[TASK REQUIREMENTS] Could the listing be repeated exactly, with every picture dropped?

[PROVIDED DATA]
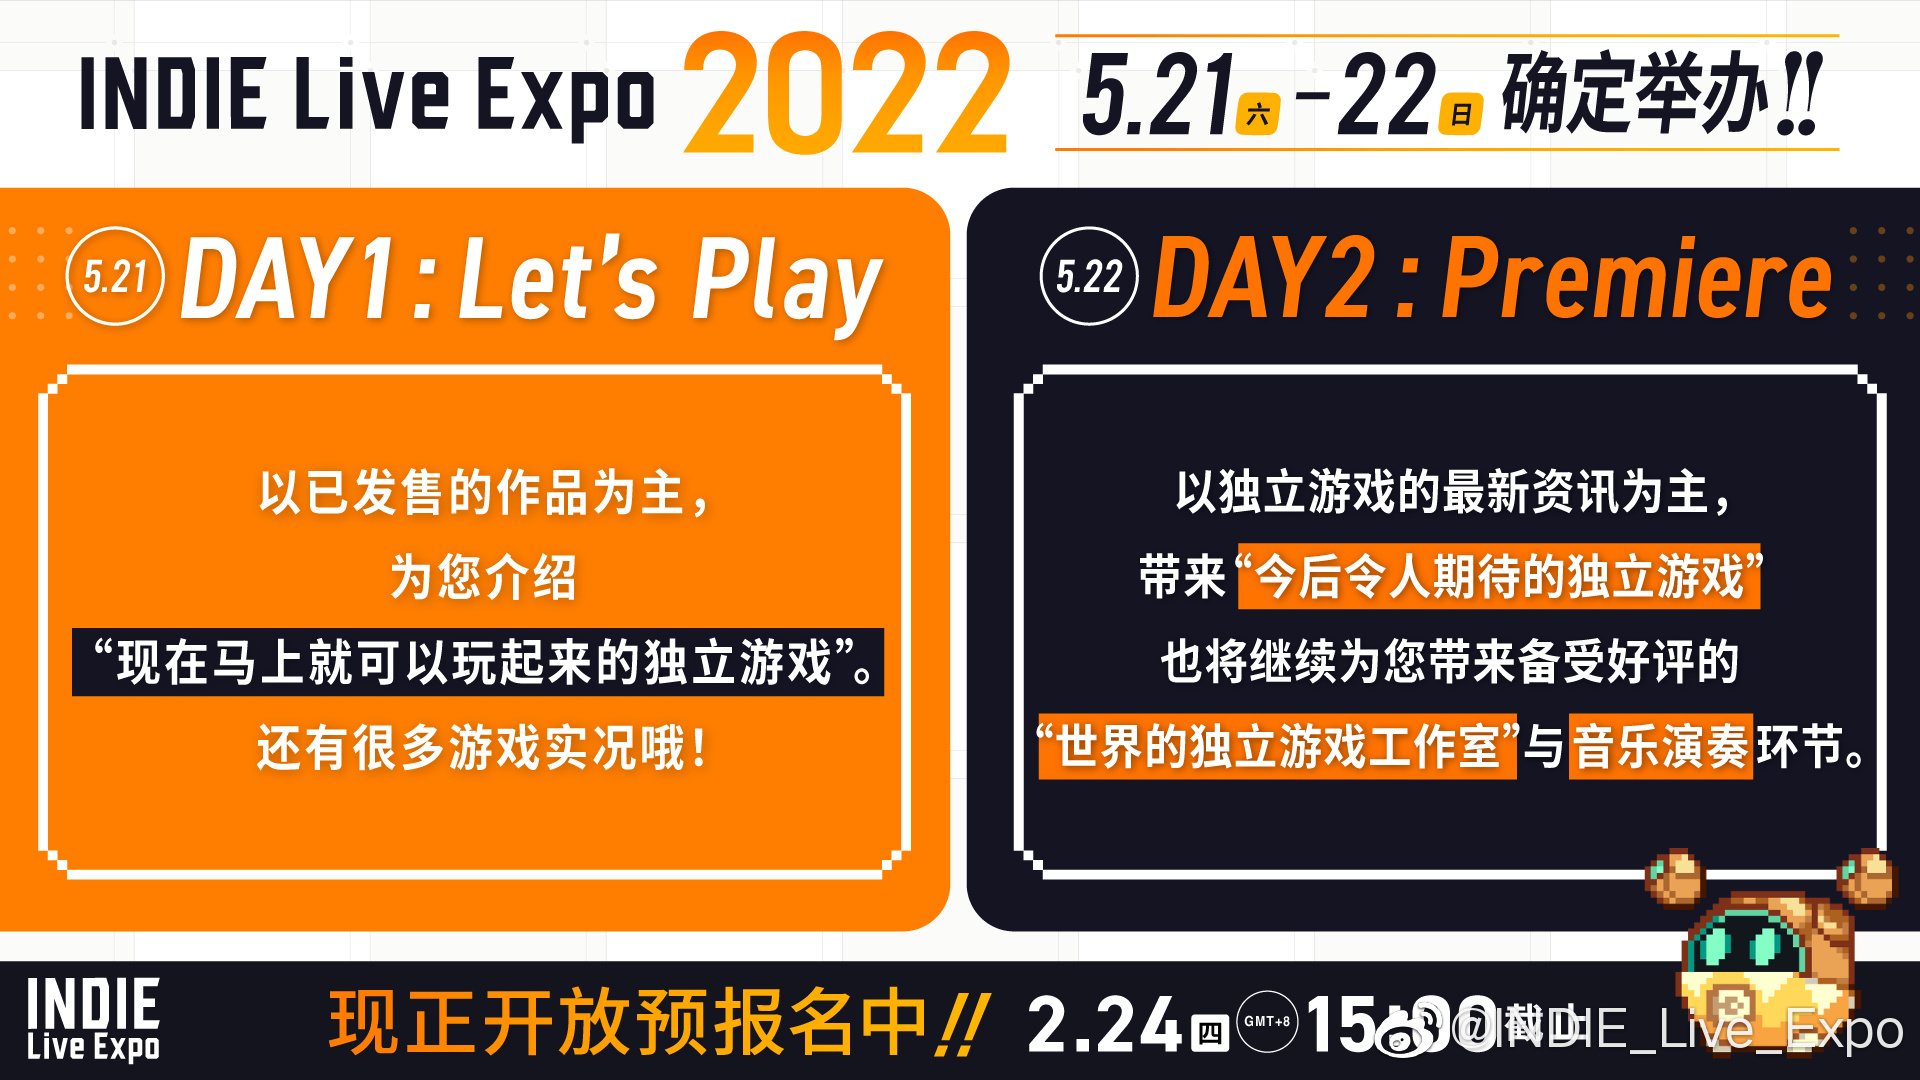 日本独立游戏展 INDIE Live Expo 于昨日（2 月 1 日）宣布，2022 年线上展览活动将于 5 月 21 日至 22 日举行。插图1
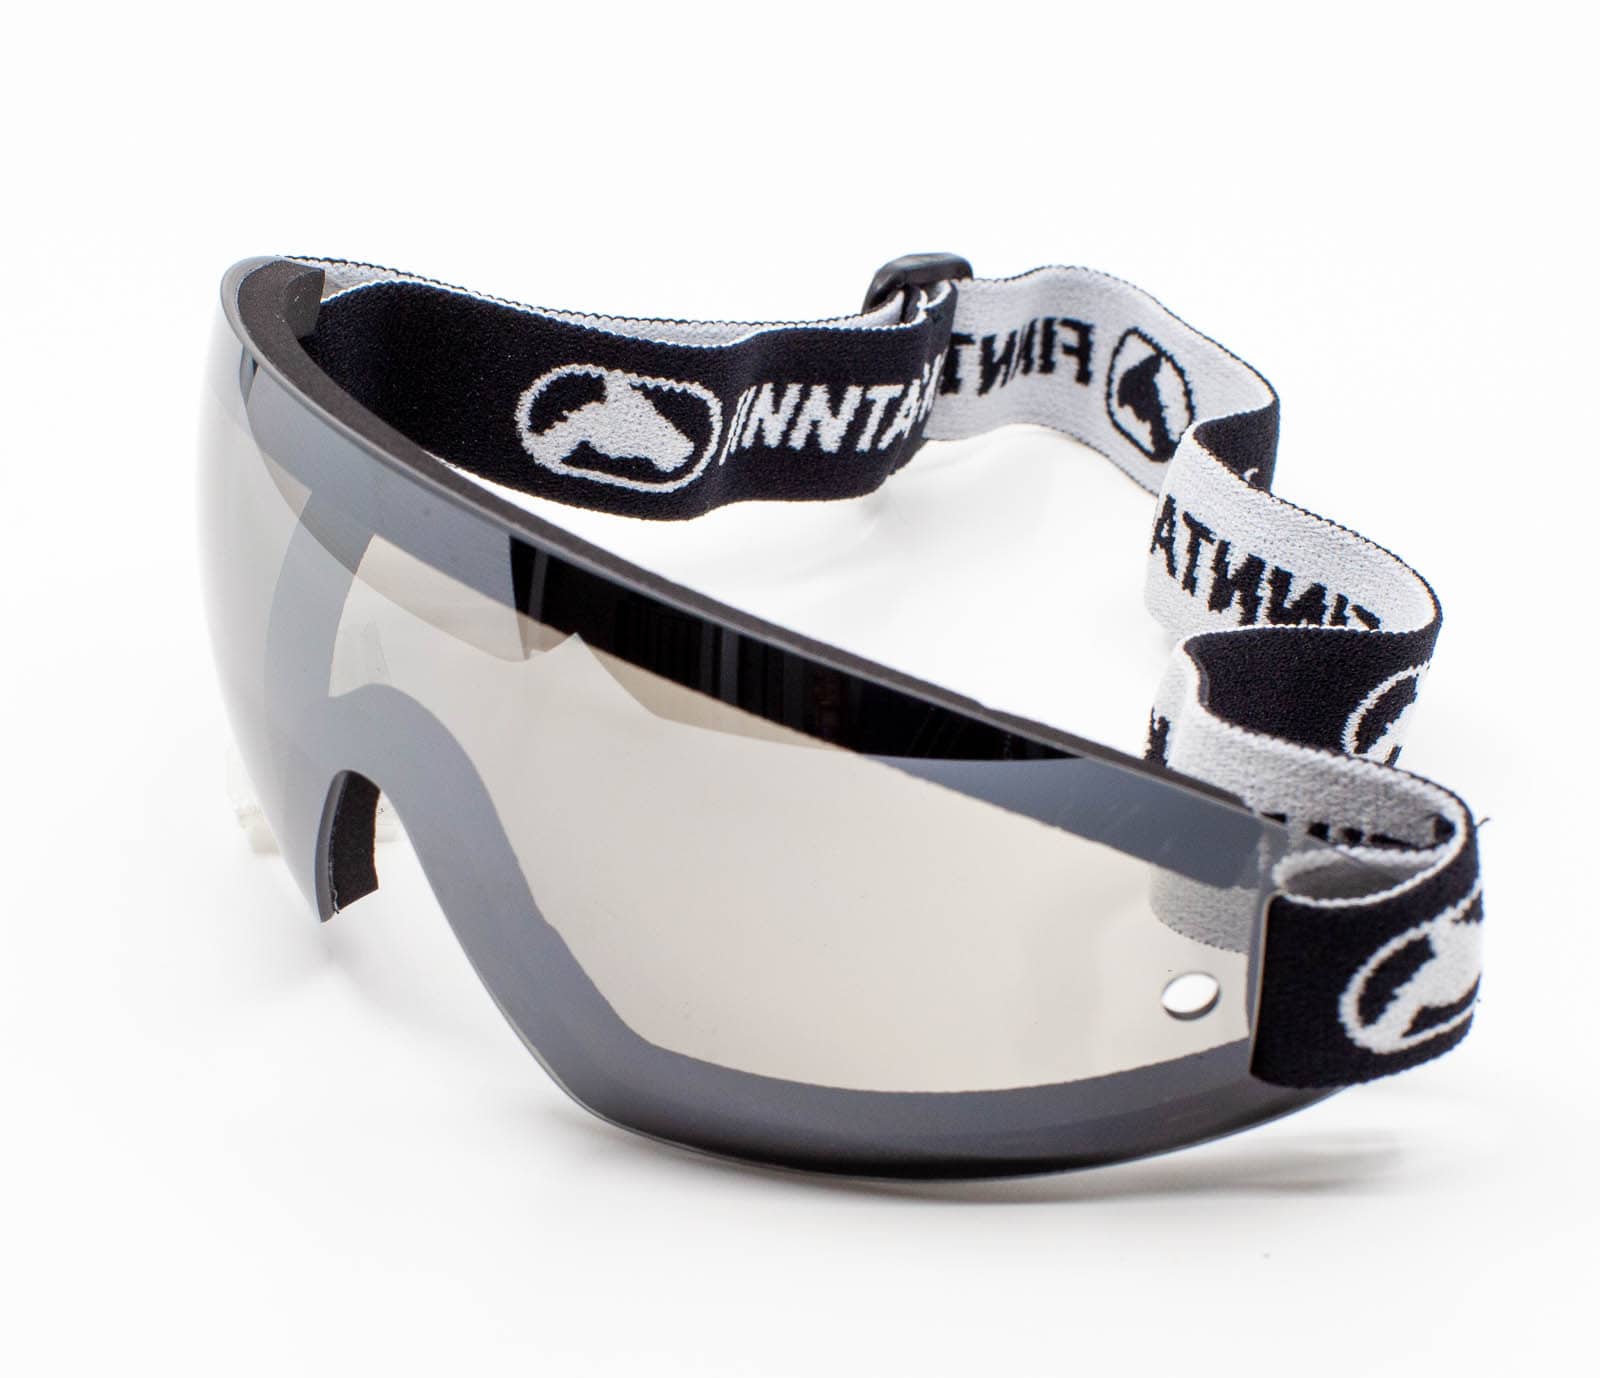 Finntack Pro løpsbriller
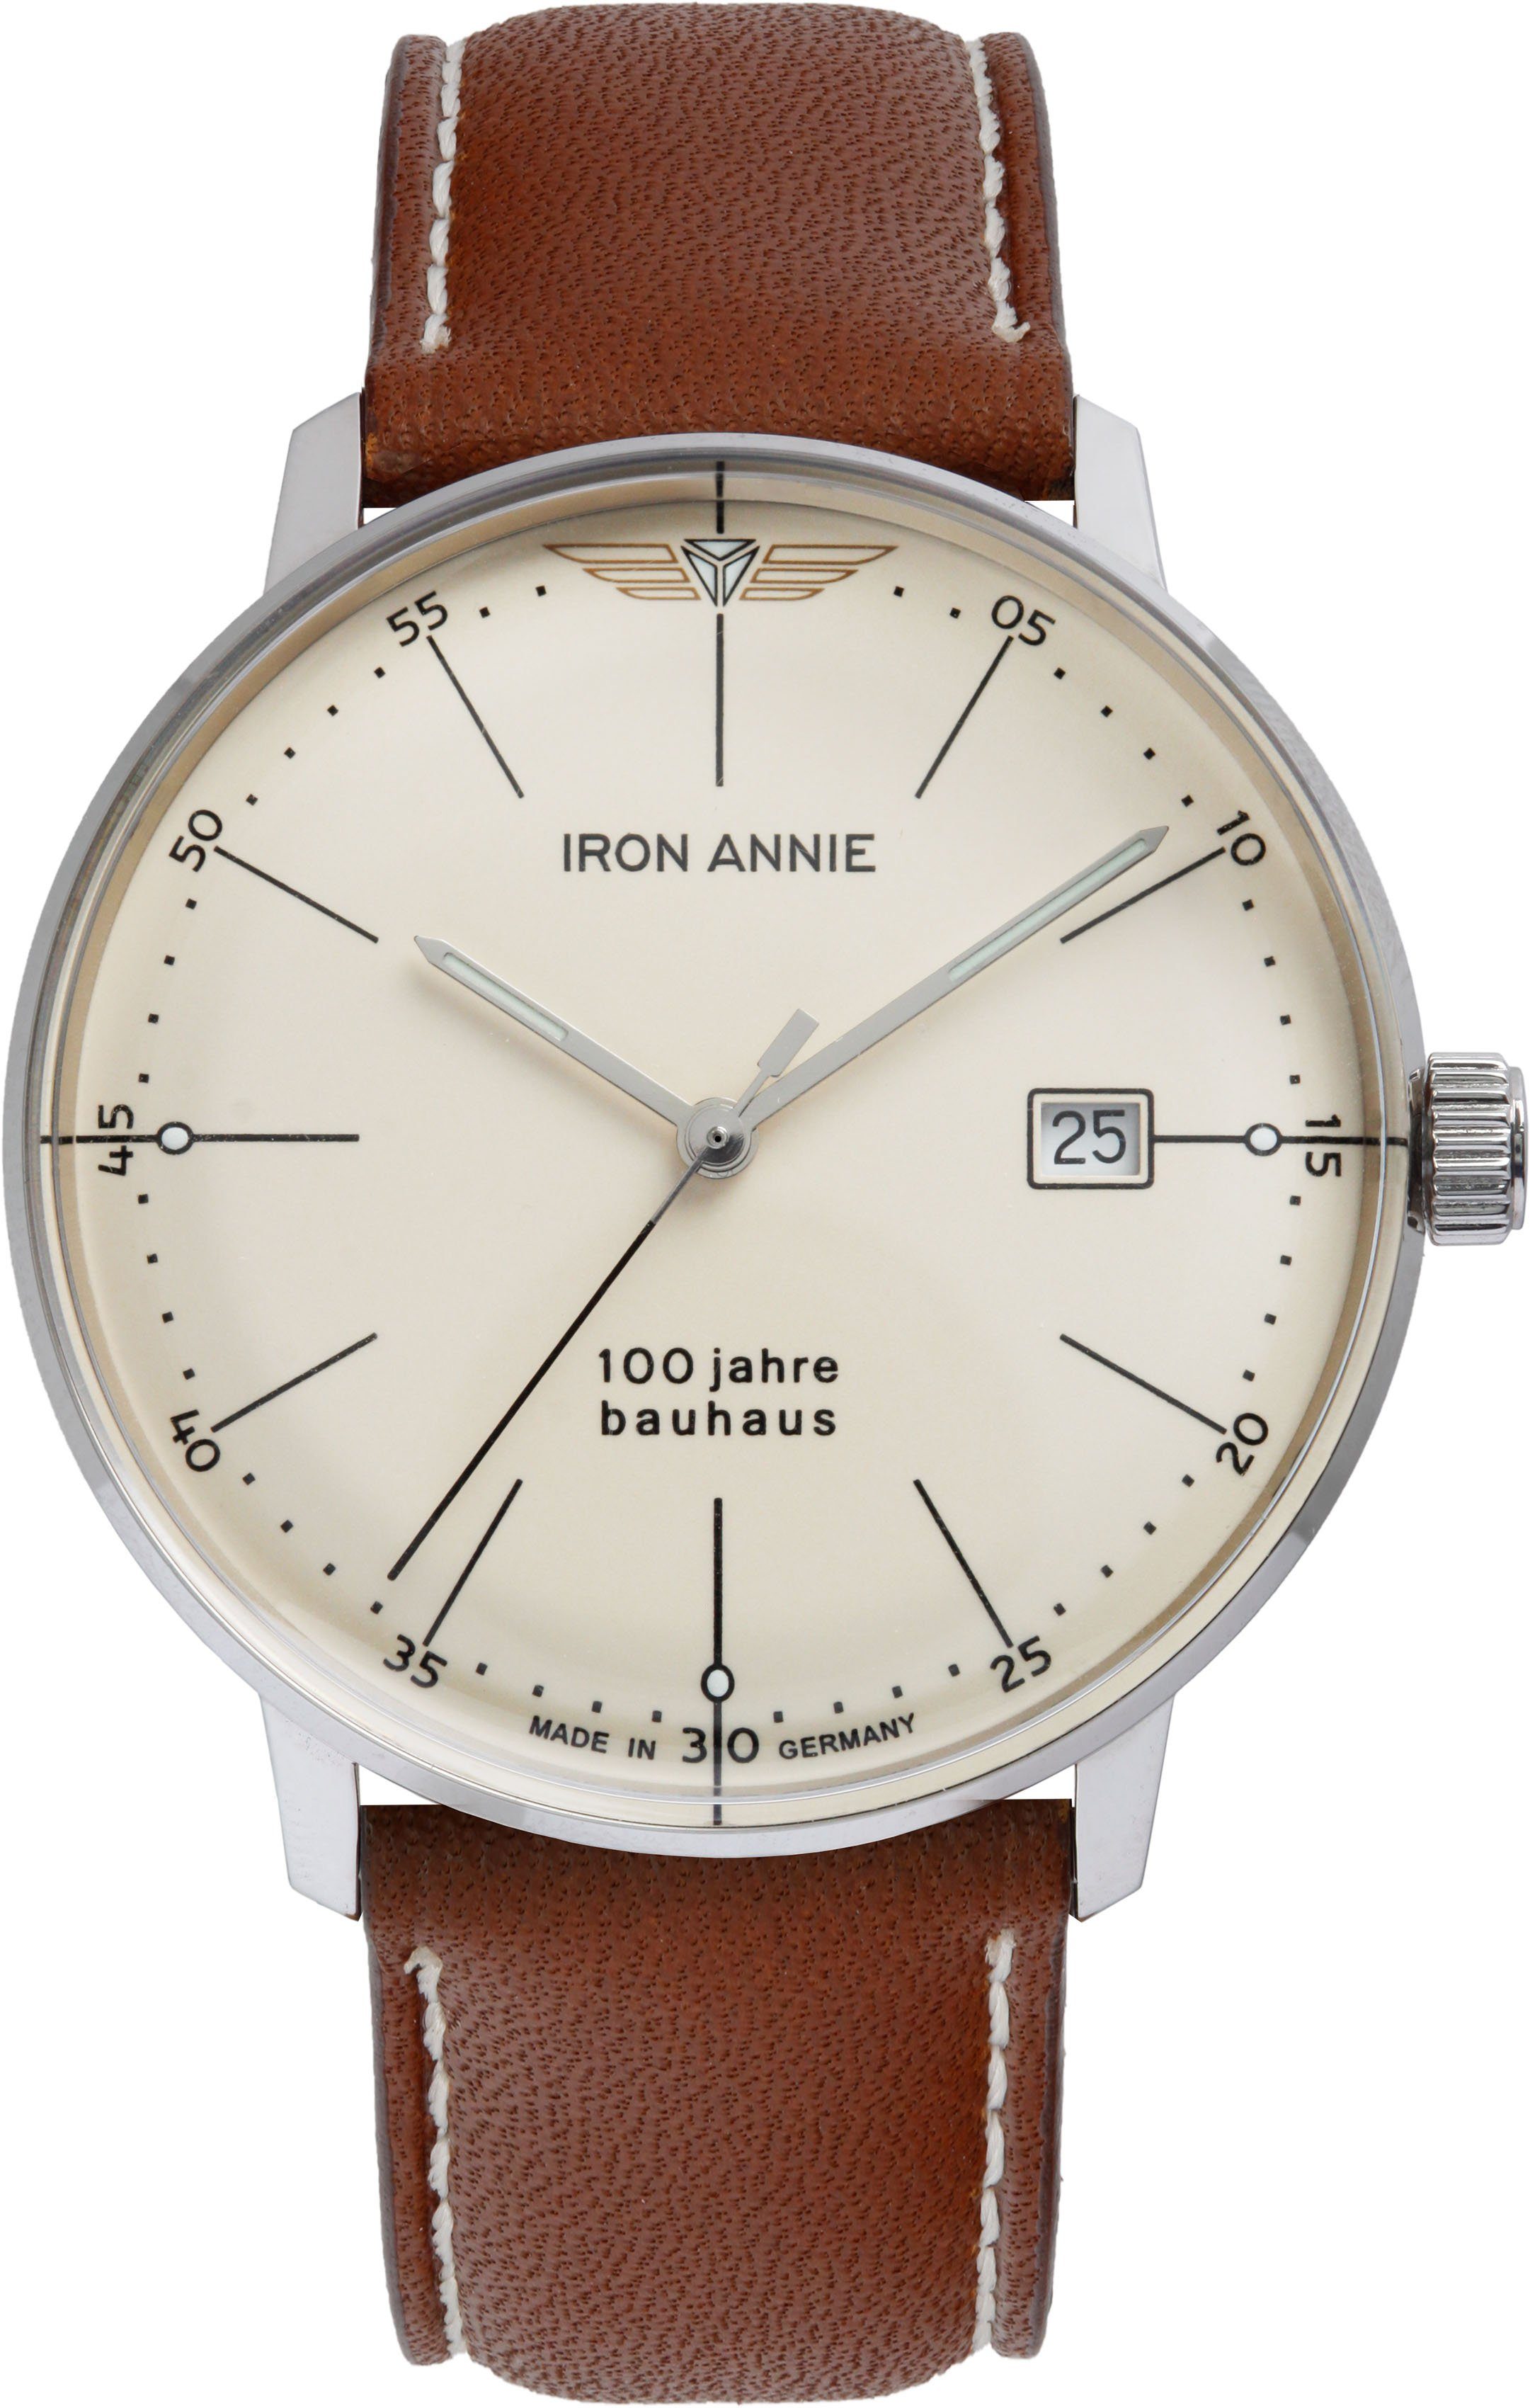 Herren Uhren IRON ANNIE Quarzuhr Bauhaus 100 Jahre, 5070-5_Air

[YOUR SOLUTION]
 日本独立游戏展 INDIE Live Expo 于昨日（2 月 1 日）宣布，2022 年线上展览活动将于 5 月 21 日至 22 日举行。插图1
 Finntack Pro løpsbriller
 Herren Uhren IRON ANNIE Quarzuhr Bauhaus 100 Jahre, 5070-5_Air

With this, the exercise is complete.